As much of the West continues to search for the most effective way to manage their diverse democracies, one thing which has become increasingly clear is that inspiration should not be drawn from the American experiment.
In recent times, some of the most toxic ideologies and worldviews have been fostered and cultivated at American pseudo-intellectual hubs posing as enlightened universities. These institutions have given birth to race and gender ideologies which are fundamentally divorced from reality – but are worryingly being imported by ‘radical progressives’ across the core Anglosphere societies.
While the US spent twenty years of so-called ‘nation building’ in Afghanistan and taking its self-appointed role of being the global policeman up a notch, it further established itself as an international hotspot of family breakdown, bitter race relations and rampant materialism.
In President Donald Trump, the US elected a media personality who suggested that injecting bleach could be a measure to fight Covid and one who fundamentally undermined his own country’s democracy by the way he responded to his defeat in the 2020 presidential election.
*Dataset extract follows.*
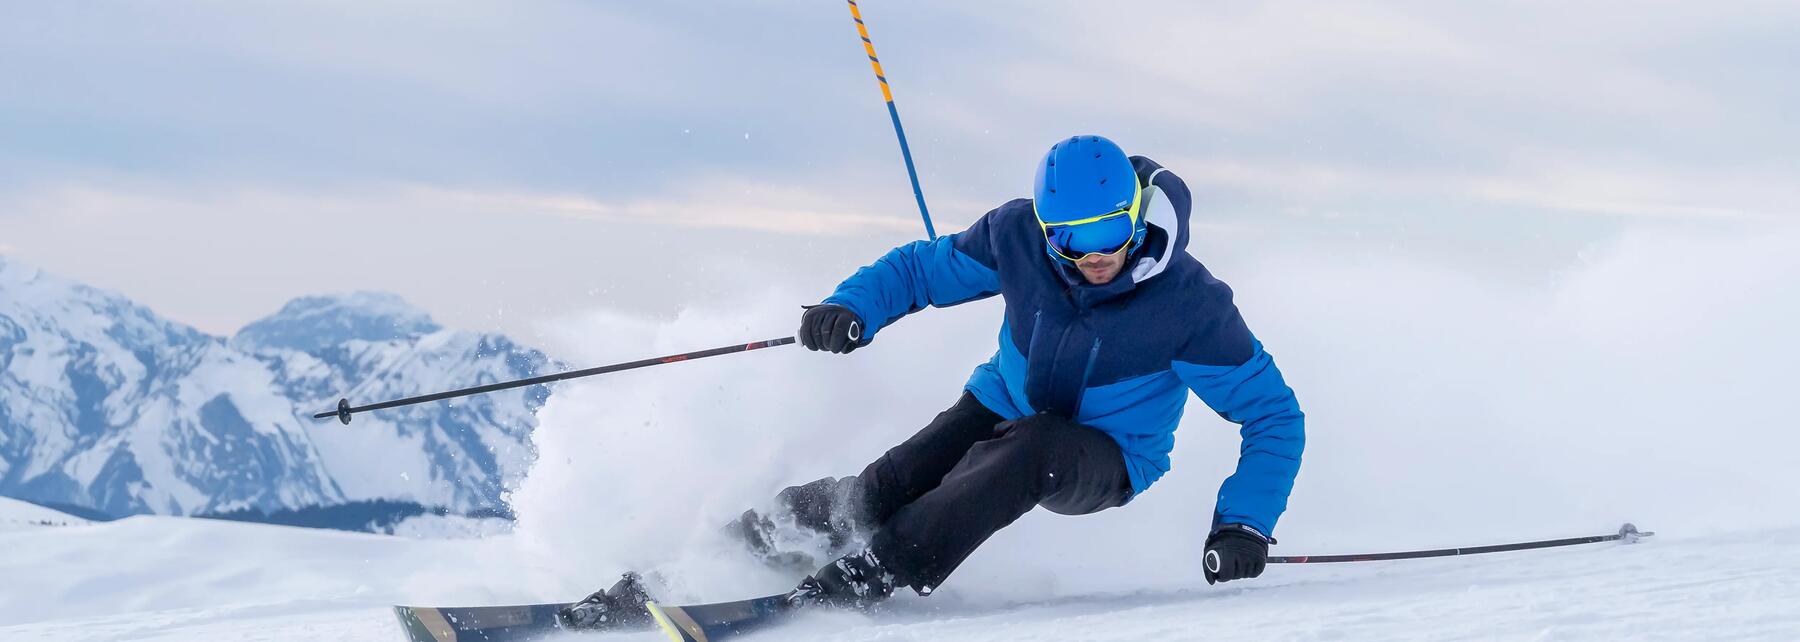 Ski Alpin : les 6 disciplines officielles

In President Joe Biden, it elected a man whose mental fitness has been repeatedly called into question – indeed, he is the perfect embodiment of his own nation’s crisis in well-being.
The reality is that the racial tensions, political polarisation, and cultural radicalism of the United States – in an age of international connectedness accelerated by the rise of social media – is a direct threat to the very stability of the English-speaking West.
This American psychosis is a gift for revisionist powers who have welcomed the collapse of US hegemony with open arms; hostile states which are eager to witness greater social fragmentation and political division in the West.
The United States has set itself on a path towards cultural disintegration – and it threatens to take much of the English-speaking West with it.